The unseasonably wet weather and ensuing traffic snarls have put me into a meditative mood. So indulge me for a moment as I blather on like your 84-year-old great-aunt, the one who doesn’t see people very often and puts SWAT-team-level preparation into “going out”.

Because that is how I feel nowadays. My Thai has never been the greatest — conversations frequently turn into an unwieldy catalogue of what has NOT been said, a litany of all that has NOT been communicated. I am literally two-dimensional; beyond initial remarks on the weather, what to eat and where to go, I am cashed out of words, making do by playing the role of the dim-witted auntie, a role I am getting unnervingly good at.

This is leeching into my English language communication, which is fast becoming a halting negotiation of what to express and what to leave out. Interaction is Thailand is an unspoken deal: say the expected things at the right time and you will have passed. Saying something different means you have not kept up your part of the bargain.

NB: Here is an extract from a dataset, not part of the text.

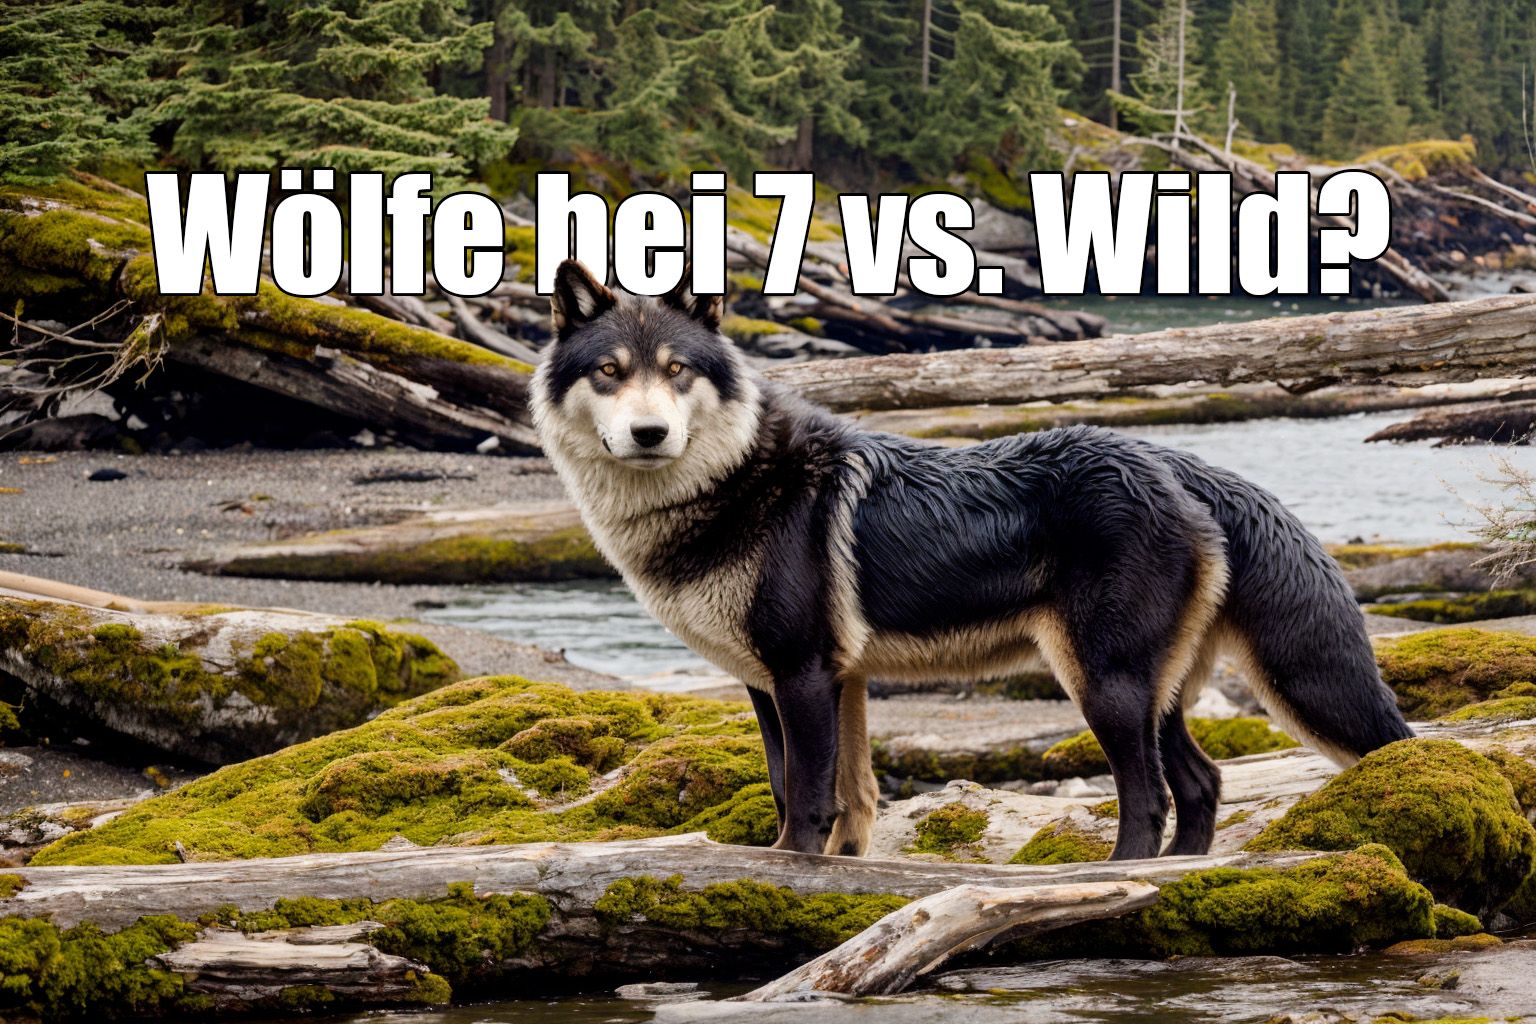 Heulen in der Nacht: Erste Beweise für Wölfe auf der 7 vs. Wild Insel

This is something that has taken me years to learn, but is somehow understood by Thais who have grown up here — just like everyone knows you don’t eat durian with alcohol, or without mangosteen, or that you don’t transport it on the Skytrain because then people will look at you like you just took a baby, a kitten and a puppy and forced them to listen to the Black Eyed Peas’s latest album. All Thais somehow know these things.

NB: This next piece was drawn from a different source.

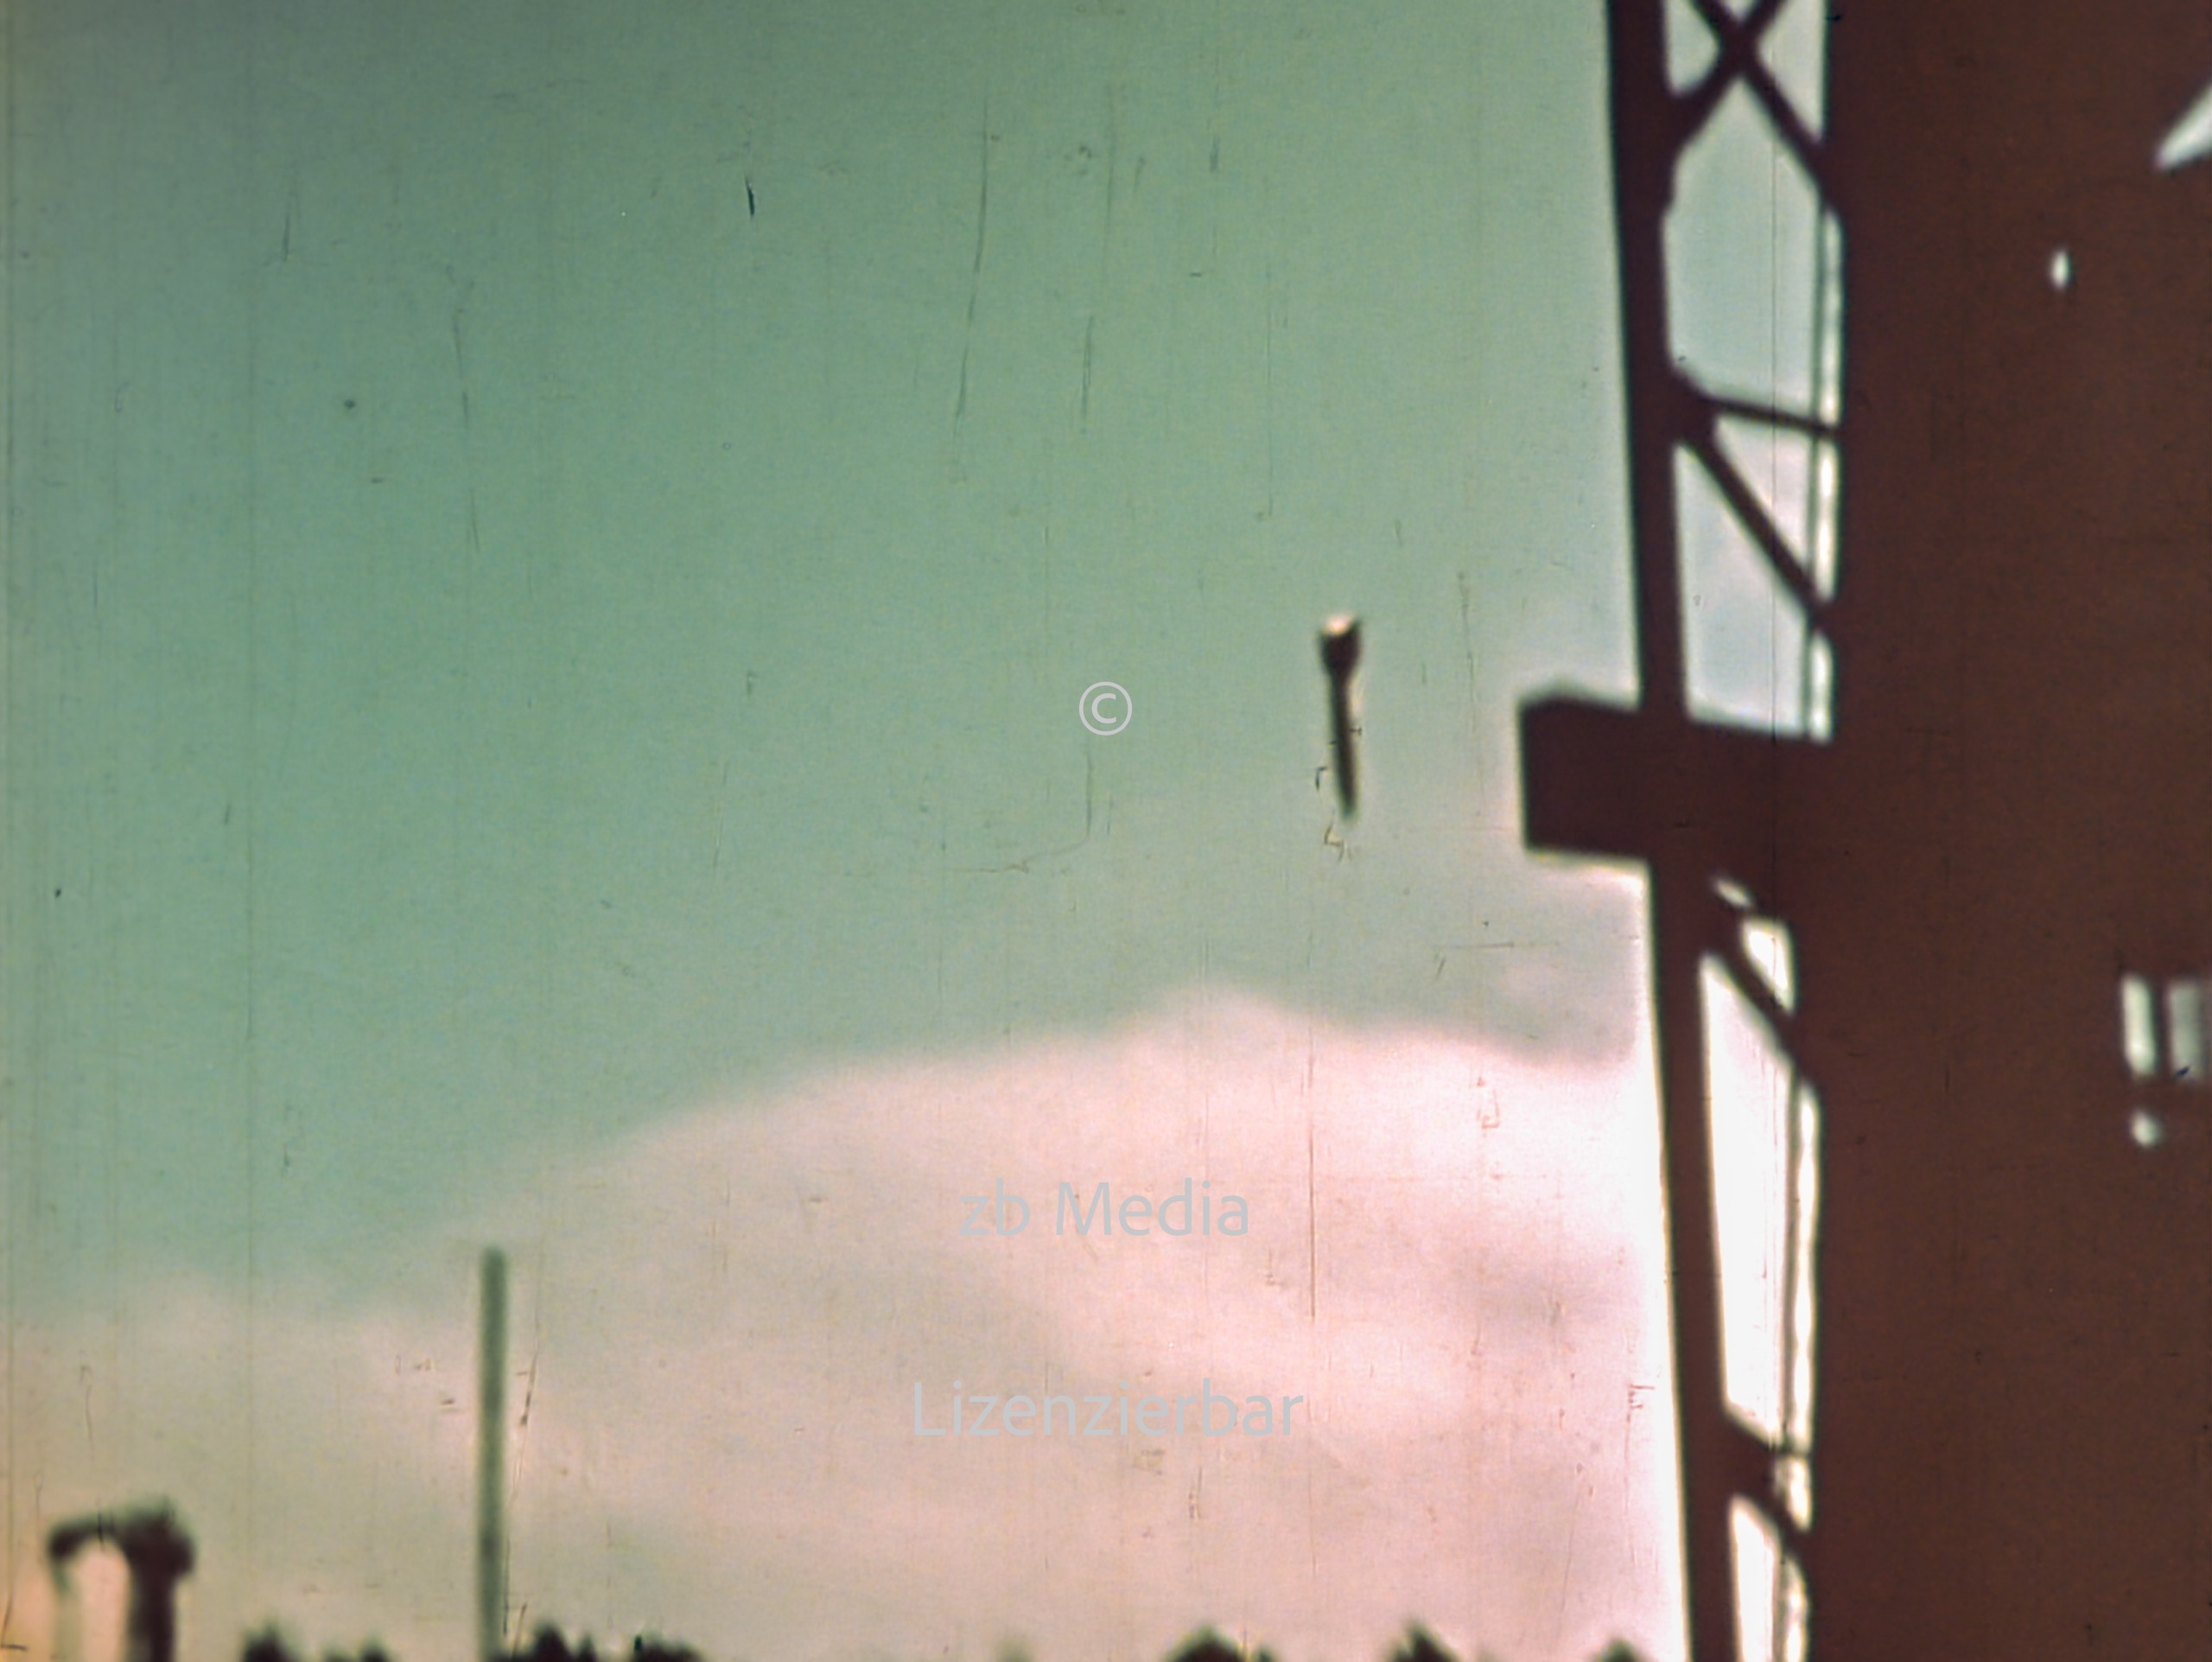 V2 Rakete Peenemünde 1944

So food is a wonderful oasis for me. When you are cramming your piehole with stuff, you don’t have to talk. When your table is groaning under the weight of tasty food, people around you are happy. When you venture to talk about this dish or that, people are invariably willing to discuss it — food is a fine, happy place, where everyone loves you, as long as your plate is still full.

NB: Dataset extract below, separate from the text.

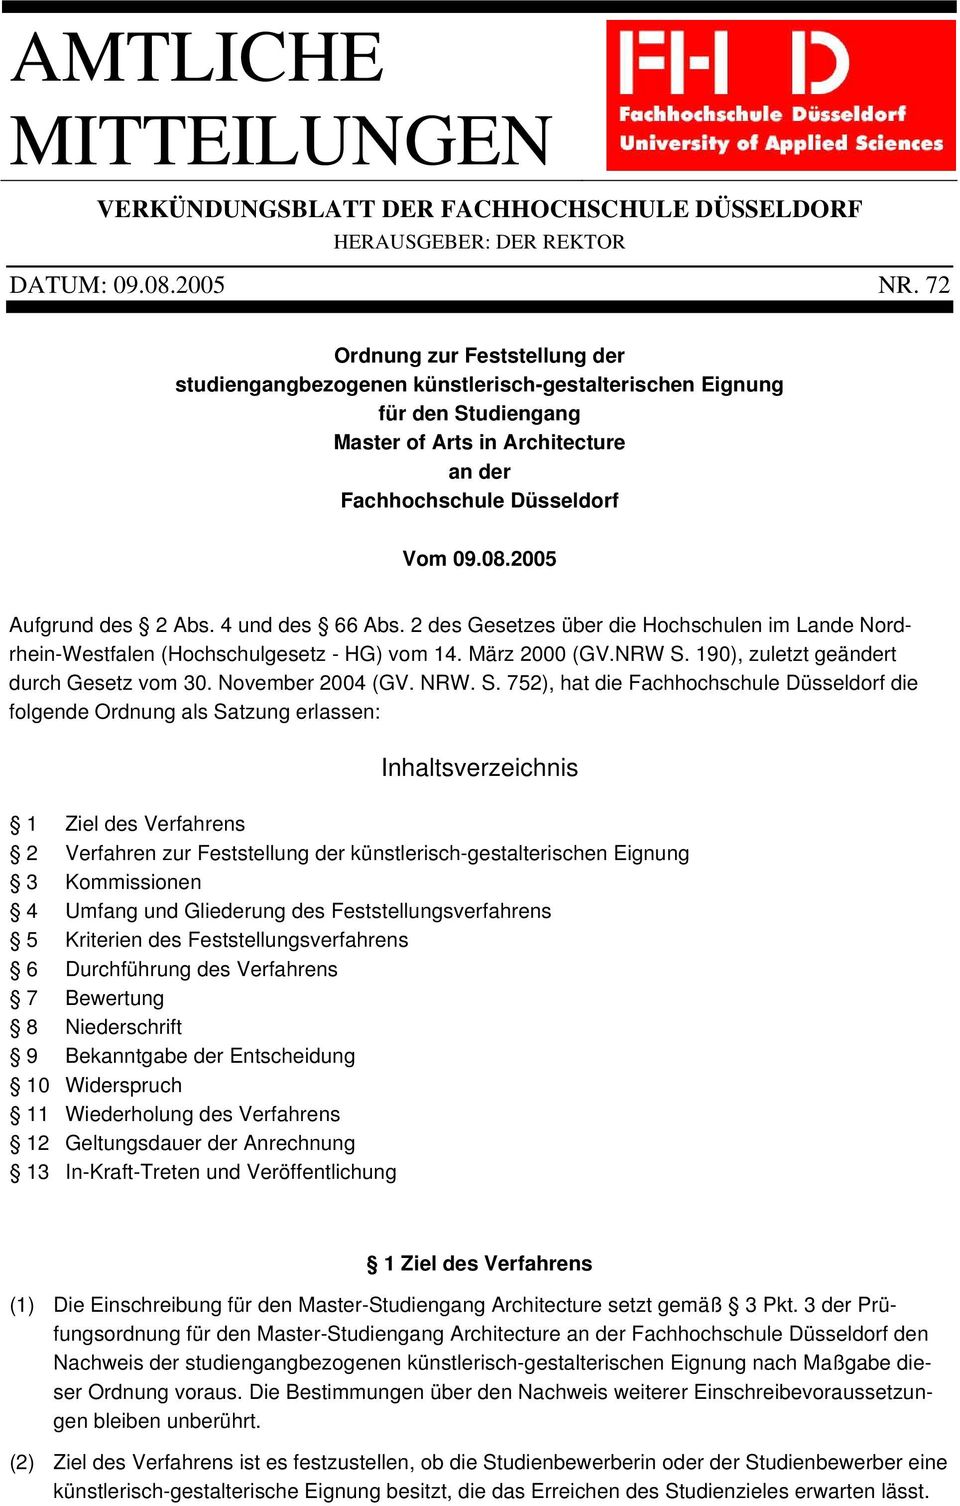 2005 Aufgrund des 2 Abs. 4 und des 66 Abs. 2 des Gesetzes über die Hochschulen im Lande Nordrhein-Westfalen (Hochschulgesetz - HG) vom 14. März 2000 (GV.NRW S.

It’s logical, then, that I would love Restaurants of Bangkok, which offers a nifty monthly program they call “Running Dinners”. Every course — appetizer, main, dessert — is offered at a different restaurant in the same area. Despite the logistical difficulties of herding up to 20 increasingly inebriated people to different places every hour or so, it’s surprisingly well-run, and a great way to feature restaurants that are new or easily overlooked. (In the interests of full disclosure: next month’s dinner includes dessert at Maduzi Hotel, which belongs to my husband’s family.)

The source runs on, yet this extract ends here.